DETAILED DESCRIPTION OF THE INVENTION

[0012] Generally speaking, the present invention contemplates a method and system for managing innovation within a corporation to encourage the design of reusable components within the corporation. Rapid technological evolution has imposed dual constraints on the designers and manufacturers of technology devices including electronic components and computer software. First, increasing technological capabilities have resulted in an increase in the complexity of electronic devices. These increasingly complex devices require more time to design and verify. EDA tools, unfortunately, have not kept pace with the rapid increase in the complexity of devices. Accordingly, the verification phase of the design process is consuming an increasingly large percentage of the entire design cycle. Simultaneously, the rate at which technology evolves has decreased the profitable market life time of technology products.
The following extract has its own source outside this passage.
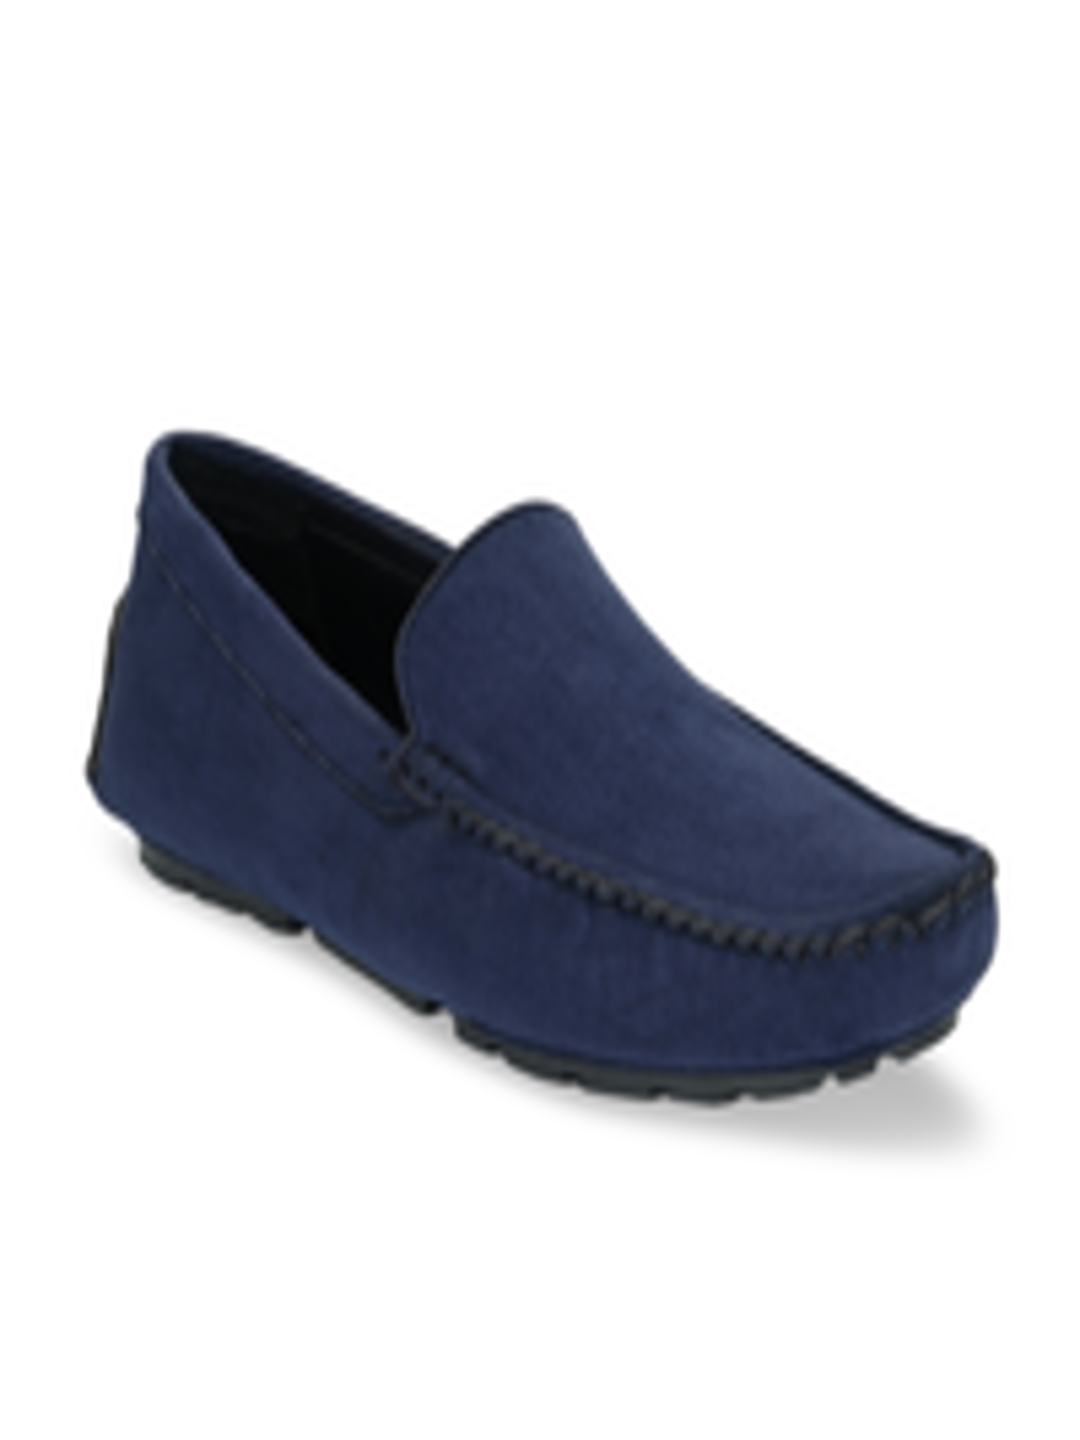 Buy Ferraiolo Men Navy Blue Suede Loafers - Casual Shoes for Men ...

[0013] Turning now to FIG. 1, a flow diagram of a method 100 for managing innovation within a corporation to encourage the design of reusable components and to encourage subsequent reuse of existing components is presented. In the depicted embodiment, it is assumed that the requirements for a device have been defined. Typically, the device includes one or more pieces referred to herein as device components or simply components. The task of designing a device meeting the specified requirements is typically assigned to a design team by the management of a corporate entity such as a product line or a division. This entity and its management are referred to herein as the sponsor of the new design.

[0014] The sponsor assigns the design task to a design team. The design team is then charged with the task of designing a suitable device that meets all the specified requirements of the market and/or customers within a certain time frame. In the corporate environment, the success of the design team is determined largely on the time the team requires to complete a successful design. Under these circumstances, it will be apparent to those skilled in the field of electronic design that there is little incentive and may be strong disincentives to engaging in design practices that might prove beneficial to some other design team within the corporation at some future point in time. To the contrary, the incentives in a typical design environment are to generate a device in the absolutely shortest time possible. Practices which do not contribute directly to the task of completing a design quickly are typically scrapped entirely or substantially curtailed. Documentation, for example, is an example of a design practice that is generally accepted as desirable, but which does not typically contribute directly to the goal of completing a design quickly. Extensive documentation is a painstaking and time-consuming task that is more likely to delay the completion of a successful design than speed it up.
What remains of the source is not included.